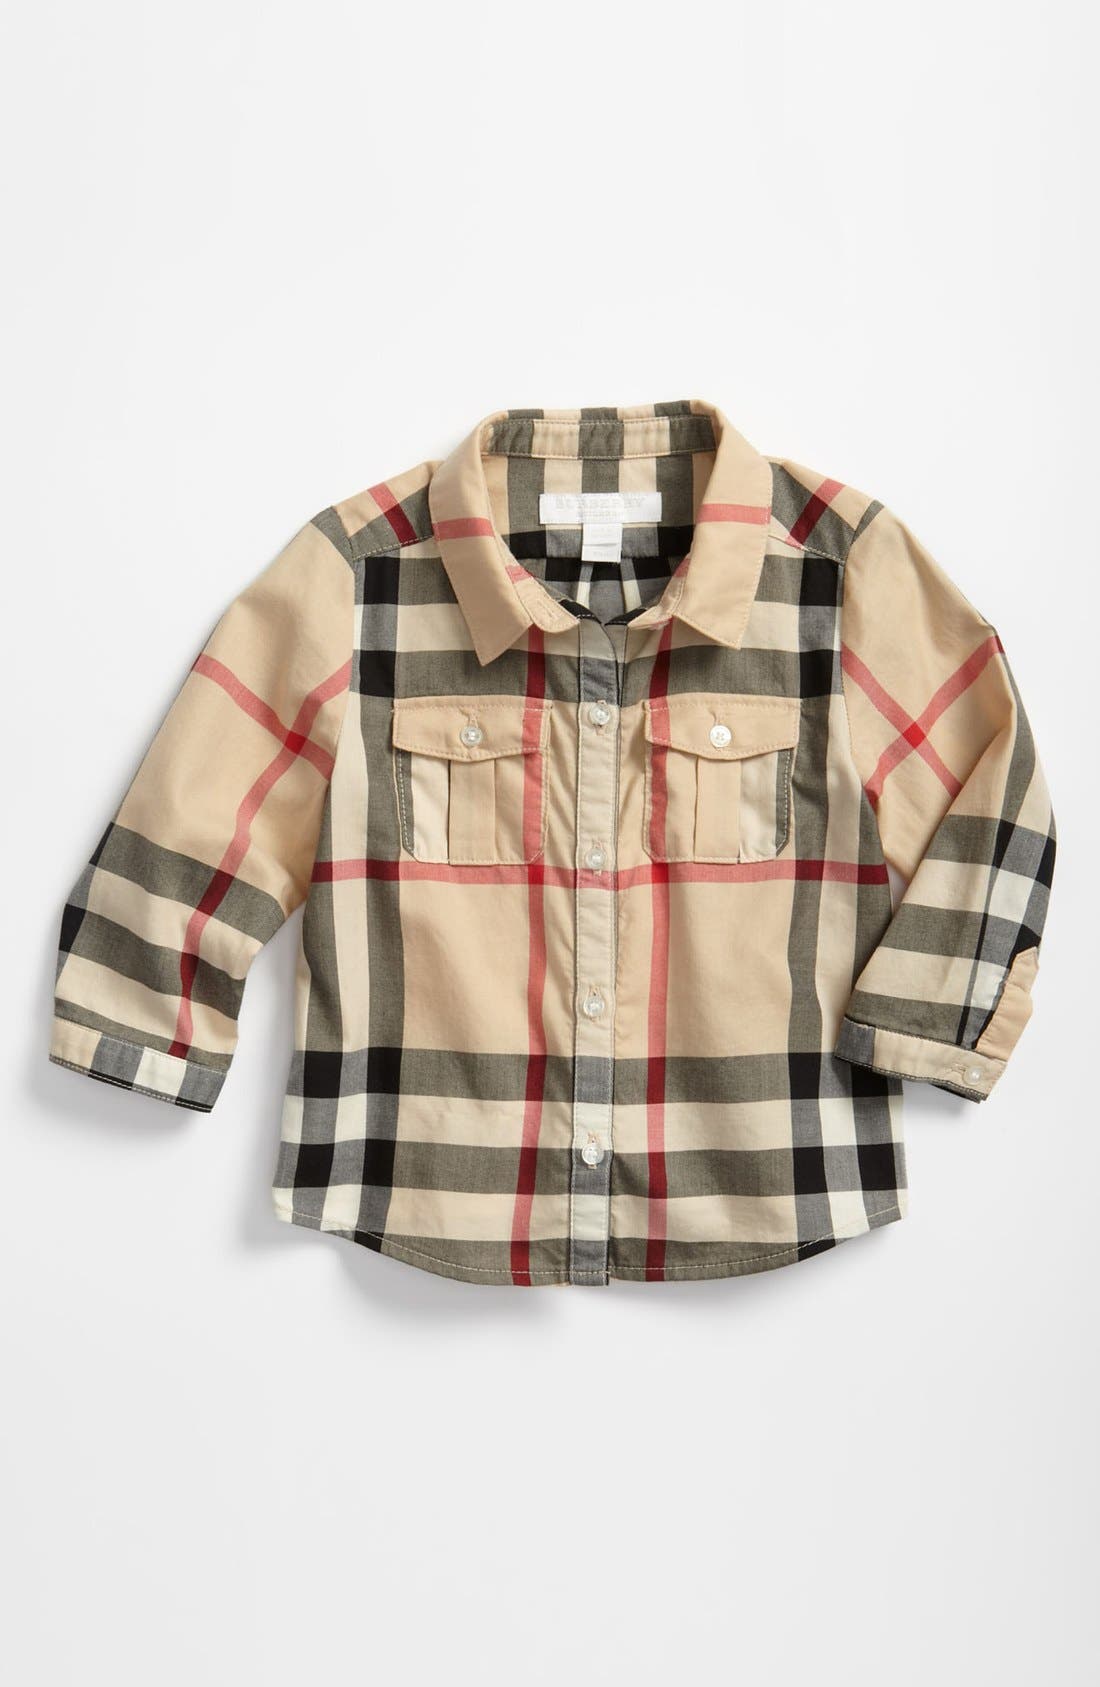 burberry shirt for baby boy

━━━━━━━━

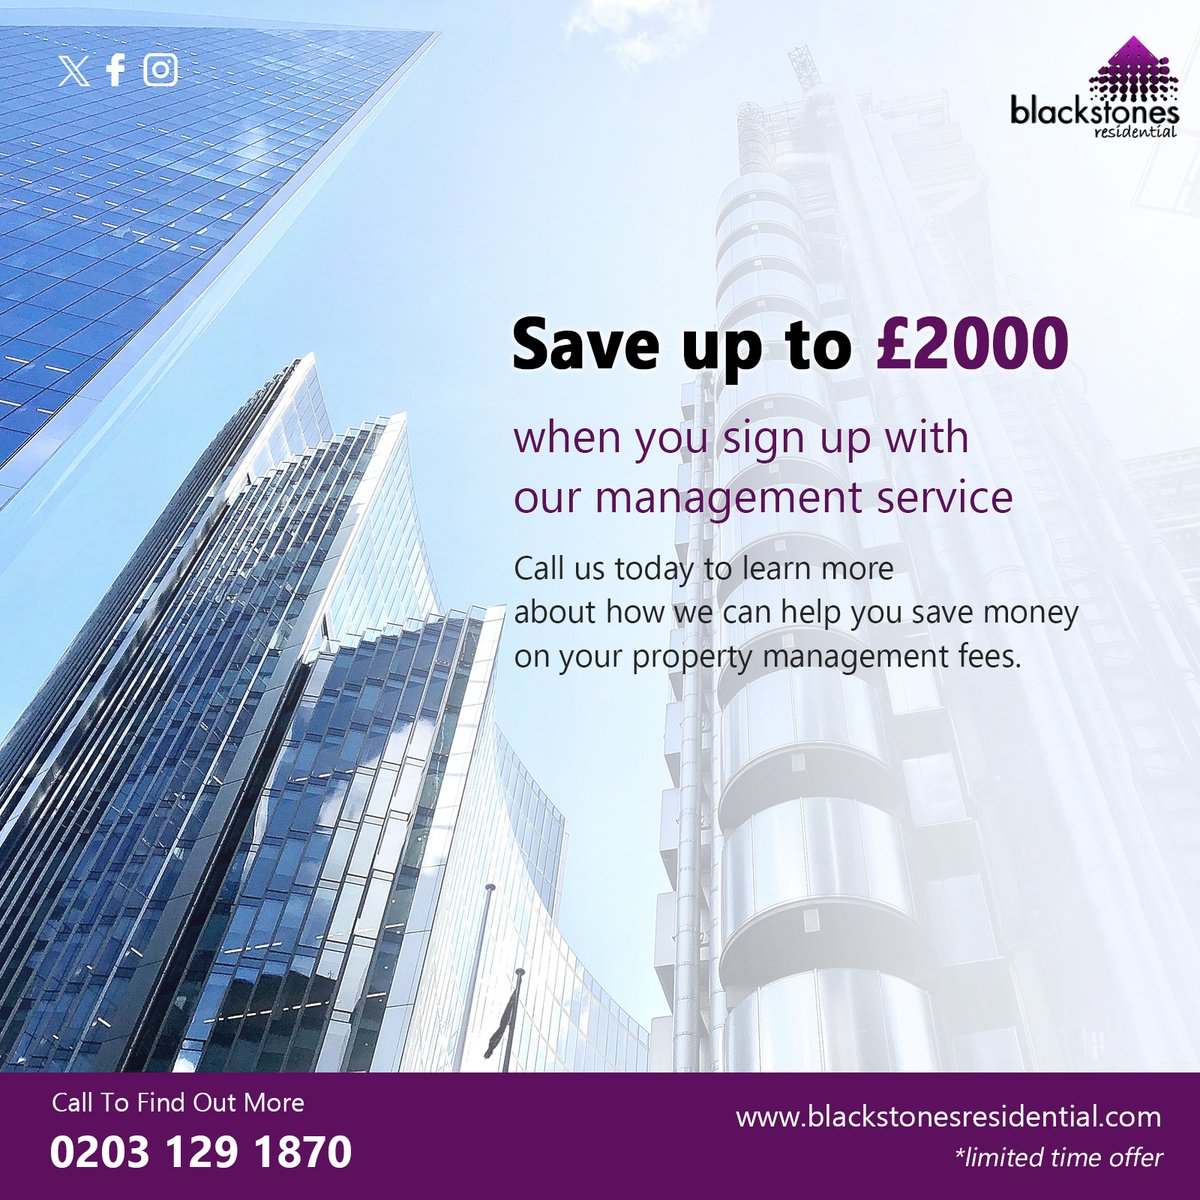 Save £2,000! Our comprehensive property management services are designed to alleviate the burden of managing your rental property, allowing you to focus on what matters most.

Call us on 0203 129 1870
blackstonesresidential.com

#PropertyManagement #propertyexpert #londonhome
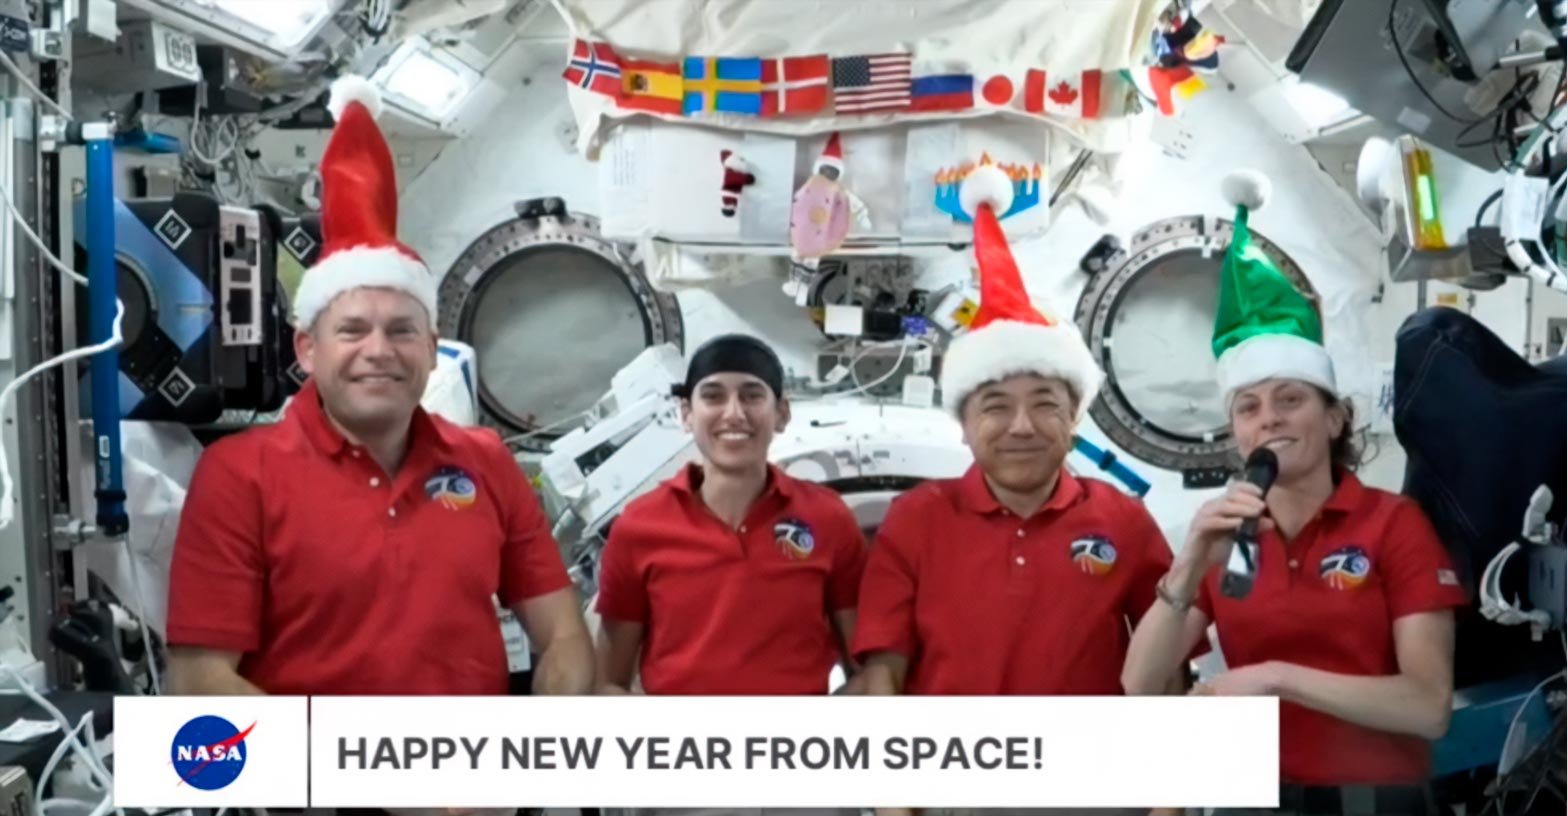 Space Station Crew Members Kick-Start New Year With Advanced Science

━━━━━━━━

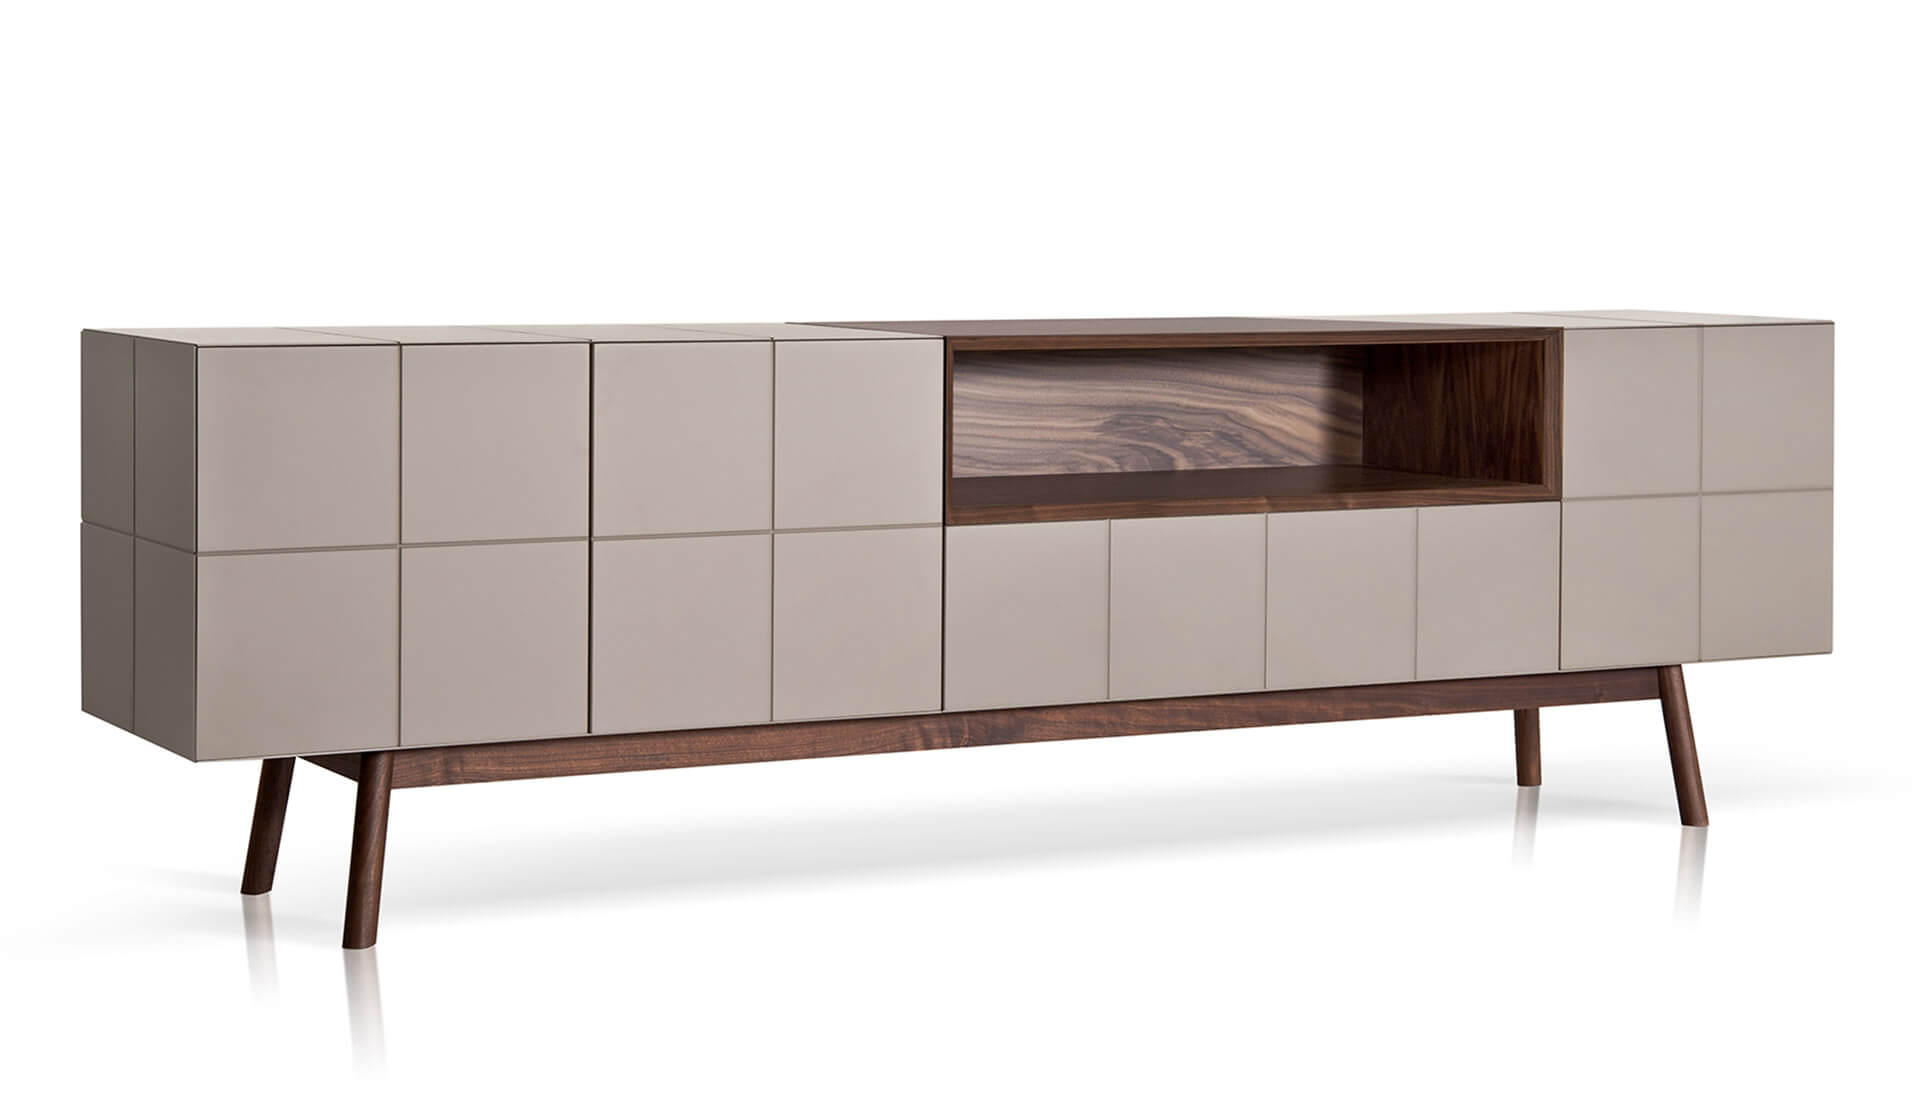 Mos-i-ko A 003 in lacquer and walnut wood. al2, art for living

━━━━━━━━

_ACTION ITEM_: Return exactly the lines of the material above, starting at the line containing "Call us on 0203 129 1870" and finishing at the line containing "Space Station Crew", without any pictures.

_OUTPUT FOR THIS EXERCISE_:
Call us on 0203 129 1870
blackstonesresidential.com

#PropertyManagement #propertyexpert #londonhome
 Space Station Crew Members Kick-Start New Year With Advanced Science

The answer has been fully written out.